Dino-Lite AM4517M-FIT mit 850 nm IR-LEDs: Wenn sichtbares Licht an der Oberfläche bleibt und Infrarot enthüllt, was unter Lack, Silikon oder der Epidermis der Haut liegt

Veröffentlicht am 4. Juli 2026 um 11:56 Uhr

Alle Standardmikroskope arbeiten mit sichtbarem Licht im Bereich von 400–700 nm. Dies entspricht auch dem vom menschlichen Auge wahrgenommenen Lichtspektrum, was praktisch ist: Das Mikroskop zeigt genau das, was das Auge sehen würde, wenn es leistungsfähig genug wäre. Allerdings wird sichtbares Licht an der Oberfläche fast aller Materialien reflektiert – es dringt nicht durch Lack, Silikon, Klebeband oder die oberen Hautschichten ein. Für Anwendungen, bei denen man unter die Oberfläche blicken muss, ist anderes Licht erforderlich. Nahes Infrarot (NIR) bei 850 nm ist die standardisierte Wellenlänge, die den optimalen Kompromiss zwischen Eindringtiefe, Sensorempfindlichkeit und praktischer Handhabung darstellt.

Was das AM4517M-FIT ist

Das Dino-Lite EDGE PLUS AM4517M-FIT ist ein kompaktes USB-Mikroskop mit:

  • 850 nm IR-LED-Beleuchtung mit 32 Intensitätsstufen – die gesamte Beleuchtung erfolgt im NIR-Bereich, ohne sichtbares Licht.
  • Hochempfindlichem CMOS-Sensor – speziell entwickelt, um das NIR-Signal zu erfassen, das von Sensoren für sichtbares Licht normalerweise herausgefiltert wird.
  • 10× bis 220× Vergrößerung – deckt alles von der Übersichtsaufnahme bis zur Detailanalyse ab.
  • 1,3 Megapixel (1280×960) bei 30 fps – flüssiges Videobild, ideal für dynamische Beobachtungen.
  • Automatischer Vergrößerungsablesung (AMR) – die Vergrößerungsstufe wird digital erfasst, sodass die Messfunktion stets exakt kalibriert ist.
  • Robustem Metallgehäuse – eloxiertes Aluminium mit EMV-Abschirmung für anspruchsvolle Industrieumgebungen.

Dino-Lite EDGE PLUS AM4517M-FIT IR 850nm mikroskop

Die Physik – warum 850 nm dort eindringt, wo sichtbares Licht stoppt

Wenn Licht auf ein Material trifft, treten drei Phänomene auf: Reflexion, Absorption und Transmission.

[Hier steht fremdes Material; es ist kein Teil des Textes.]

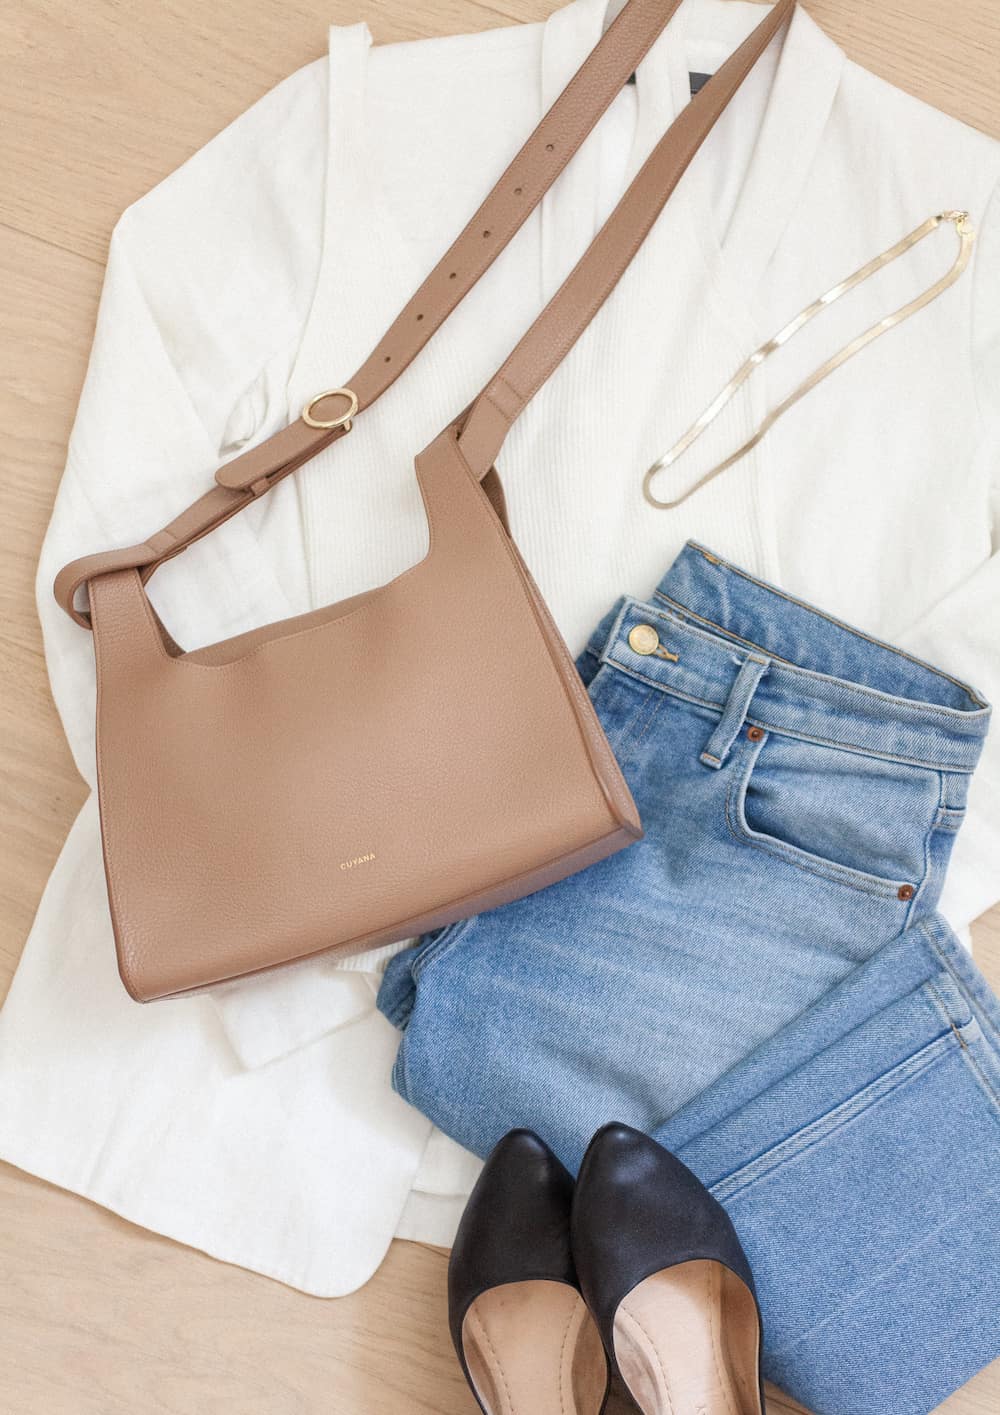 image of n outfit flatlay with a light brown leather Cuyana bag with a white blazer, blue jeans, black flats, and a gold necklace
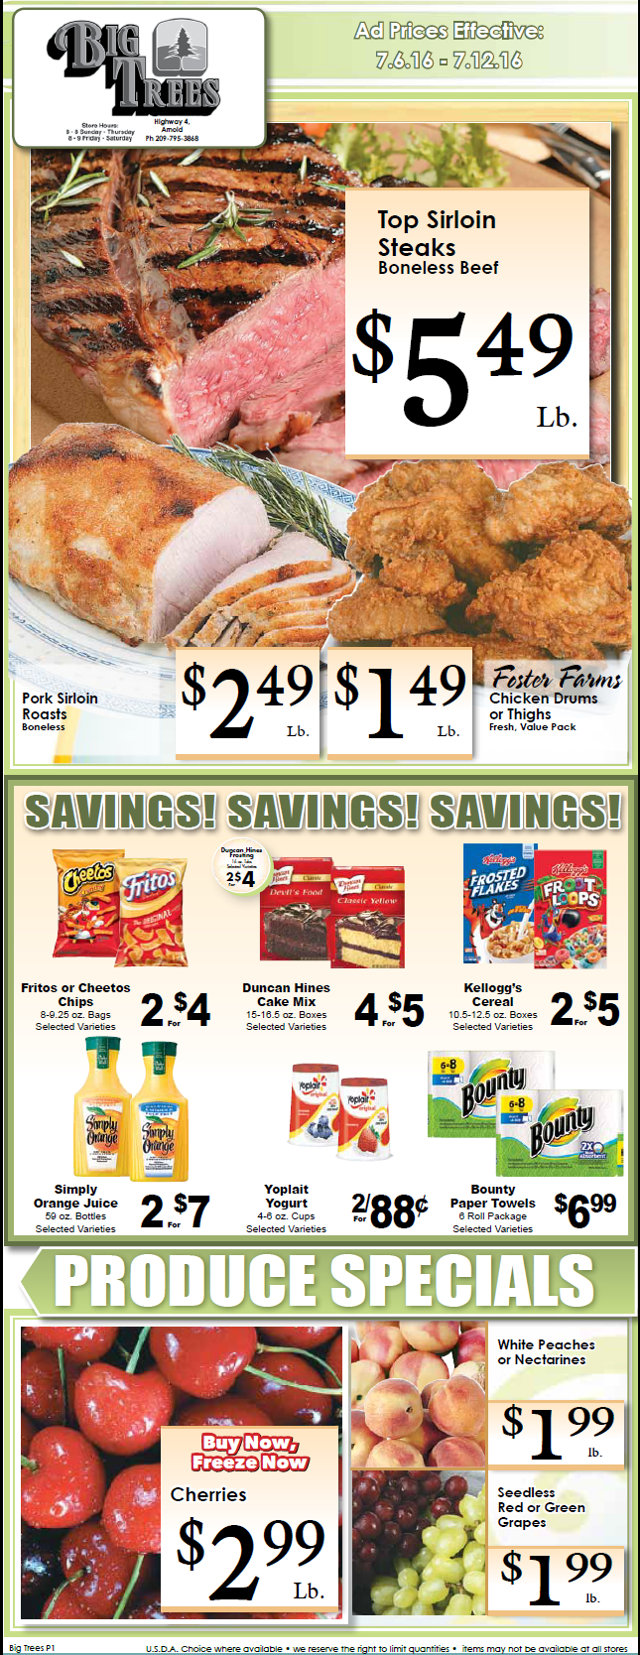 Big Trees Market Weekly Ad & Specials Through July 12th

Der Anteil des absorbierten oder transmittierten Lichts ist stark wellenlängenabhängig:

  • Blaues Licht (450 nm) – Wird von den meisten Farben, Klebstoffen und biologischen Materialien stark absorbiert. Reichweite im Gewebe: ein Bruchteil eines Millimeters.
  • Grünes Licht (550 nm) – Wird von Hämoglobin (rotem Blut) absorbiert, durchdringt jedoch bestimmte Kunststoffe. Reichweite im Gewebe: 1–2 mm.
  • Rotes Licht (650 nm) – Wird von Wasser und den meisten biologischen Pigmenten nur minimal absorbiert. Reichweite im Gewebe: 3–5 mm.
  • Nahes Infrarot 850 nm – Wird von Wasser minimal absorbiert, keine Absorption durch Melanin oder die meisten Farbpigmente. Reichweite im Gewebe: 5–10 mm.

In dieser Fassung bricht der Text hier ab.